The Founders argues that the character and form of South Africa’s African National Congress (ANC), established in 1912, was fortified and refined by more than fifty years of African participation in constitutional politics and protest. The notion that the ANC had deep intellectual roots is not likely to be new to scholars of South Africa, however the detailed cataloguing of the lives, writings, and ideas of groups and individuals make Odendaal’s work an important contribution. The author makes extensive use of both English and Xhosa newspapers printed prior to 1912. With meticulous precision and detail, he uses these sources to trace the political ideas and debates considered by Western-educated African men.

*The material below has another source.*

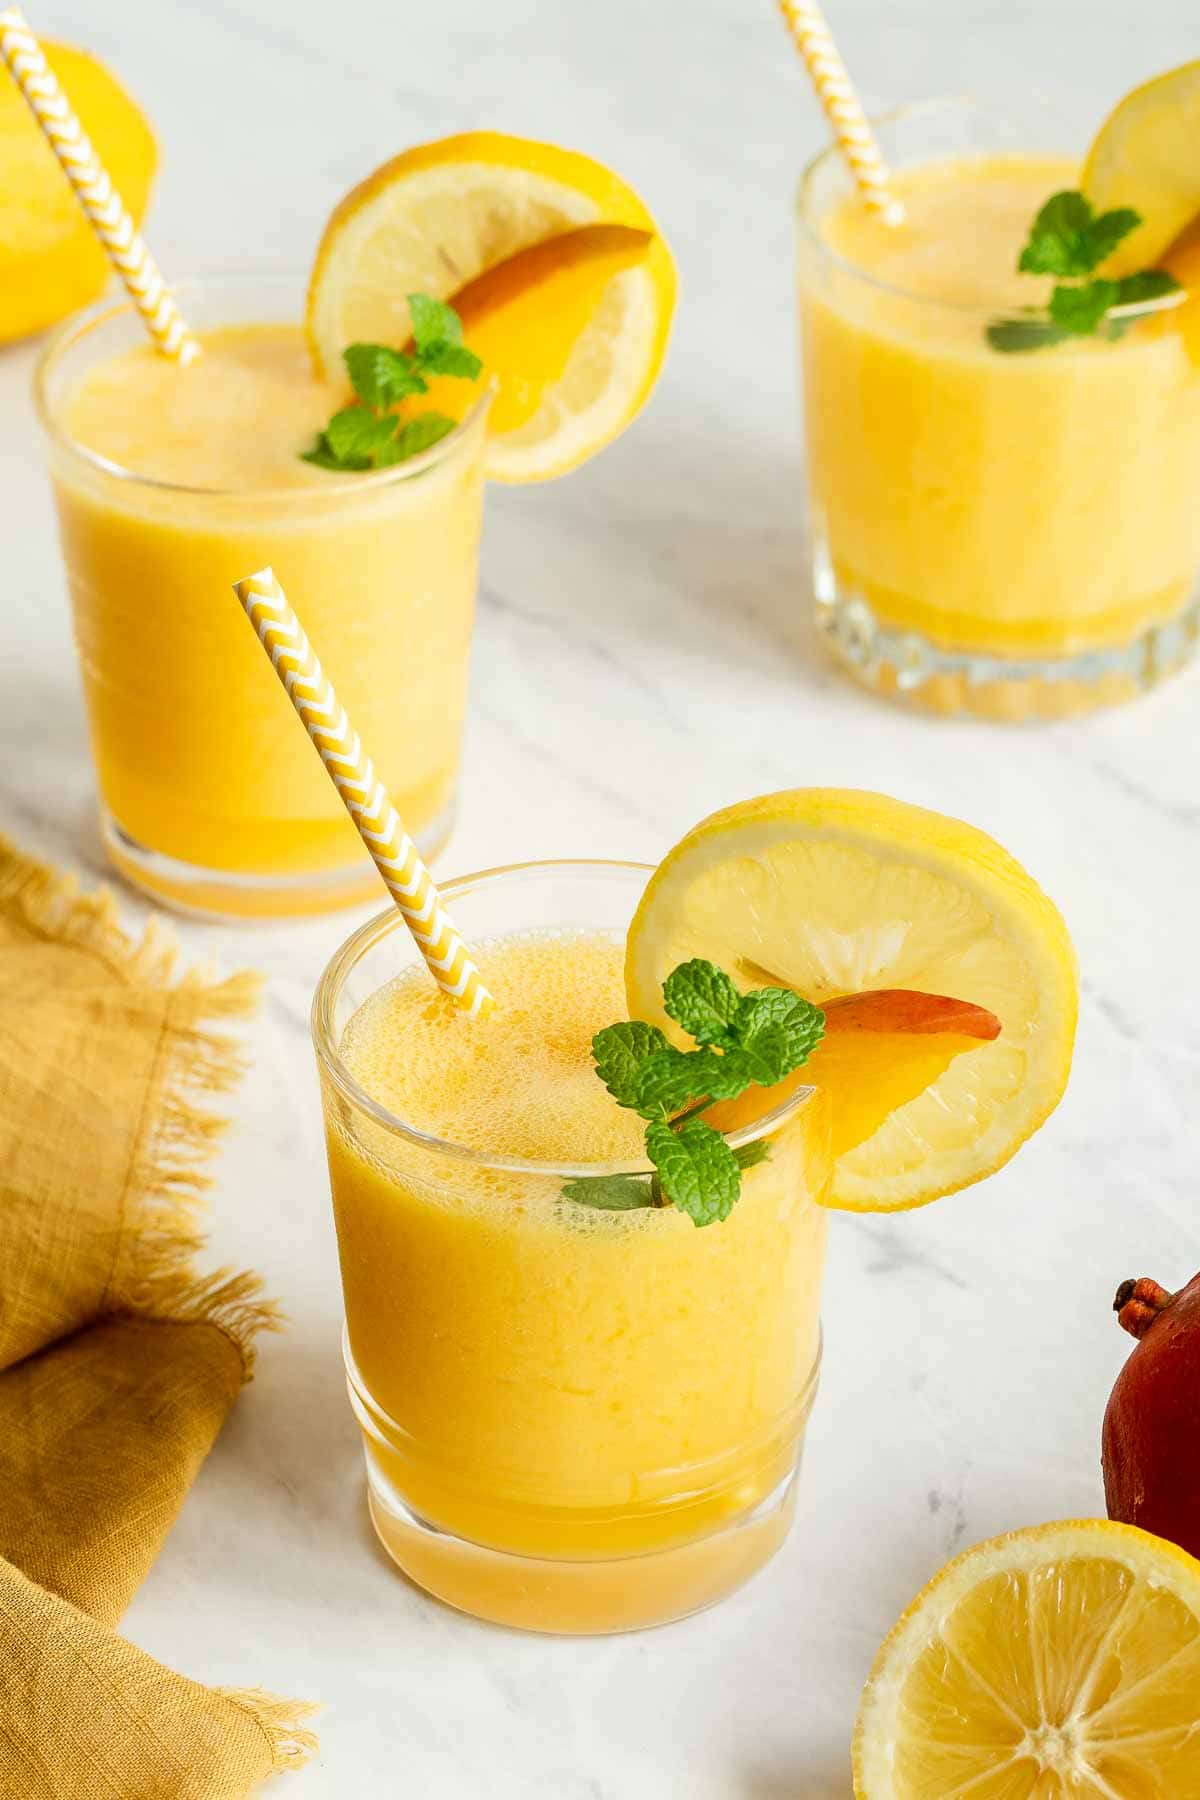 Three glasses of mango lemonade with straws and lemon rounds.

Odendaal recognizes and articulates the subtle changes and divisions that occur within the political resistance formed by mission-educated Africans between 1860 and 1912. In order to emphasize these changes, The Founders is divided into four roughly chronological sections. In the first section, the author highlights the beginnings of organized African constitutional debate and political resistance between 1860 and the late 1880s. The rise of African constitutional challenge to the colonial regime started in the Eastern Cape and was linked to the early establishment of missionary schools in the region as well as the military devastation suffered by the Xhosa and the Zulu in 1856–57 and 1878 respectively. Africans educated by missionary institutions—like Tiyo Soga—voiced their political views conservatively, optimistic that processes of education and assimilation would bring equal rights to Black and White men in South Africa. However, Western-educated Africans were not made the legal equals of their White counterparts and by the late 1870s and early 1880s, African intellectuals grew more radical in their political approach.

The main body of the work examines the process by which African political resistance moved from the confines of the Eastern Cape to grow into a nationally unified movement that represented African rights and freedoms. The author highlights two historical developments that initially enabled African constitutional politics to gain a wider regional base. First, the discovery of diamonds and gold in the South African interior and the subsequent colonial desire to control African labor created new spaces in which resistance could form. Second, the rise of the religious separatist movement, Ethiopianism, became an outlet for nascent political expression; while not a lasting movement, the separatist church used Christian values to challenge colonial power and oppression. At the turn of the century, with budding political dissention growing in the South African interior, the South African war and its aftermath became crucial to the growth of unified African political expression. Most politically involved African men sided with the British war effort, believing the British to be the champions of equal rights for Africans. However, after the British victory in 1902, the political cause for equality and African rights was not extended in the former Boer Republics. The disenchantment with the British corresponded to the growth in political organizations that aimed at encouraging African awareness and action in securing equal rights. Editors of African newspapers in the first decade of the twentieth century were quick to provide political commentary on the implications of a South African federation. Furthermore, South African political organizations debated how best to respond to the growing Boer-Briton colonial alliance forming against African political interests. When the Union in 1910 provided neither direct political representation for Africans nor any hope for Black assimilation, the educated elite that had been driving African constitutional politics for the past fifty years were able to finally bridge regional boundaries, coordinate with traditional chiefs, and mobilize a united African front. In 1912, African representatives from across South Africa met and together formed the South African National Congress.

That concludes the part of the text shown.